In article <2017@piraat.cs.vu.nl> maart@cs.vu.nl (Maarten Litmaath) writes:
|How about `sed'? I think Leo de Wit [a.k.a. Mr. Sed] will have some remarks
|about `cgrep', but it's a start.

Ah, you asked for it!
I looked at Maarten's script and modified some of it. The result is
appended below. Modifications:

1) Changed use of [ by case whenever possible, 'cause this is a builtin.
2) Changed while-test-expr loops to construct a repeated pattern ($before
and $after) by a yes|sed construct. Neat trick, if I may say so myself (8-).
3) Changed the sed expression, since it didn't handle well an appearance
of $pattern in the 'after pattern part' (was treated as an ordinary line).
4) Prepend each line output by <filename>:, this is perhaps more in the
style of grep. It also obviates the need of a temporary file. This however
is clearly a matter of taste.

Ad 2): if your system doesn't support yes (a never ending echo), you can
build it easily from echo and sed:

echo $*|sed '
: again
	p
	b again'

yes and sed also make for an easy range generator (this was also in this
newsgroup, where someone wanted to create ranges without using a C program)
($1 and $2 are respectively the first and last number to be generated):

yes|sed -n "$1,$2{;=;$2q;}"

     Leo.


P.S. The modified cgrep follows here:
-------------------------------
#! /bin/sh

# cgrep		- context grep
#
# grep pattern plus surrounding lines
# @(#)cgrep 1.1 89/01/18 Maarten Litmaath
#      modified 89/02/11 Leo de Wit
#
# example: "cgrep -5 +0 '^{' *.c" shows all function headers in the C sources,
# with (max.) 5 lines preceding the `{', followed by 0 lines (no line will be
# printed twice; there might not be as many contextual lines as requested)
# each line is prepended with the filename it appears in, followed by a colon.
# cgrep can be used as a filter; the file name will be `STDIN'
# the `--' option can be used to `protect' a pattern starting with `-'

usage="Usage: cgrep [-<# before>] [+<# after>] [--] <regexp> [<files>]"

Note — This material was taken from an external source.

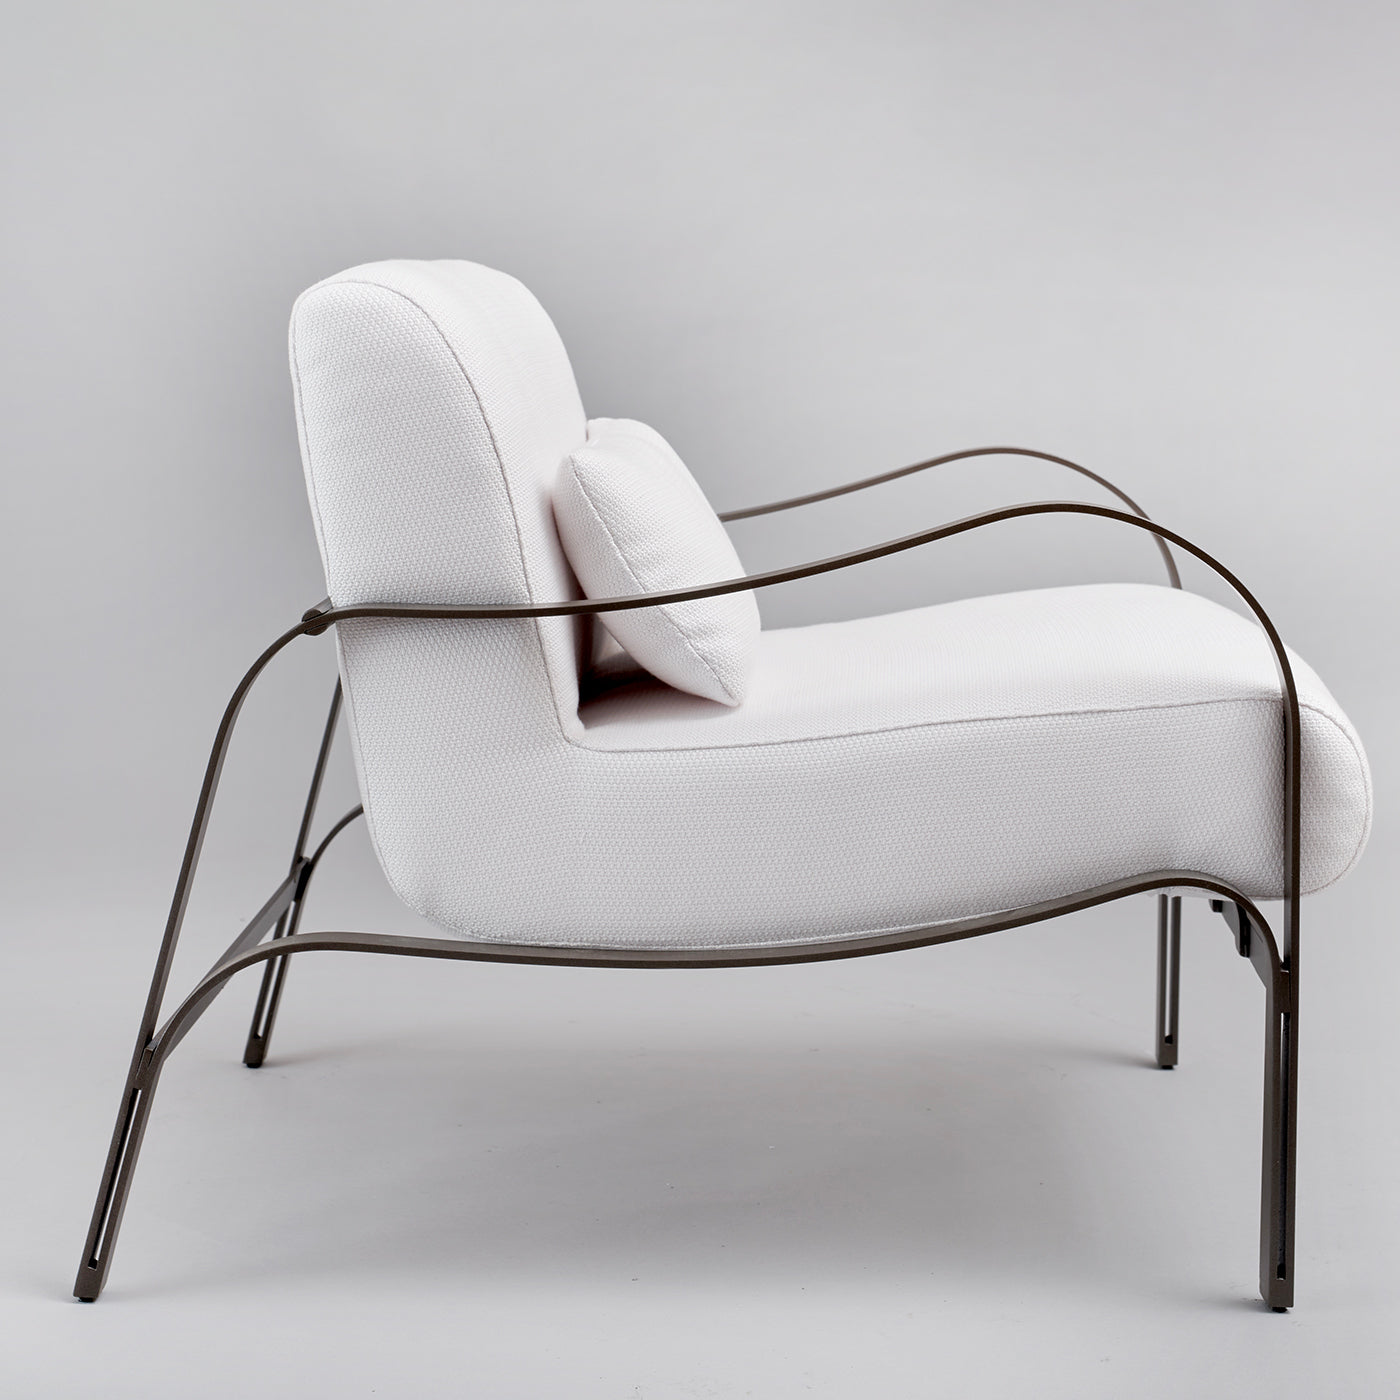 Amalfi White and Gray Armchair by Studio 63 in Stainless Steel - Alternative view 1

case $# in 0) echo "$usage"; exit 1;; esac

b=2 a=2

while :
do
	case $1 in
		--)
			shift
			break
			;;
		-*)
			b=`echo "x$1" | sed s/..//`
			shift
			;;
		+*)
			a=`echo "x$1" | sed s/..//`
			shift
			;;
		*)
			break
	esac
done

case $# in 0) echo "$usage"; exit 1;; esac

pattern=`echo "$1" | sed 's-/-\\\/-'`
shift

case $b in "") b=1;; esac
case $a in "") a=1;; esac

case $b in
0) branch=b;;
*)
	case "$pattern" in
		\^*)
			pattern=`echo "$pattern" | sed 's/./\\\n/'`
	esac
	before=`yes "\n[^\n]*"|sed -n "
		: back
		$b{
			s/\n//g
			p
			q
		}
		N
		b back"`;;
esac

case $a in
0) after= ;;
*) after=`yes "\n[^\n]*"|sed -n "
	: back
	$a{
		s/\n//g
		p
		q
	}
	N
	b back"`;;
esac

case $# in
0) files=STDIN
   set dummy;;
*) files="$*"
   set dummy $*;;
esac

umask 077

for i in $files
do
	shift

# The hold space will hold (at most) b lines (if not in the pattern part)
# CLRHLD (Clear hold space) and ADJUST (trim number of lines in hold space)
# are 'in hold space context', NEXT is 'in pattern space context'.

	sed -n "/$pattern/{
			x
			/^\n/{
				s/^\n/$i:/
				s/\n/&$i:/g
				p
			}
			x
		: CLRHLD
			x
			s/.*//
		: NEXT
			x
			s/^/$i:/p
			n
			/$pattern/b CLRHLD
			H
			x
			/\n[^\n]*$after/!b NEXT
			a\\
				-----
			b ADJUST
		}
		H
		x
	: ADJUST
		s/.*\($before\)/\1/
		x
		" $1
done
-------------- ends here -------------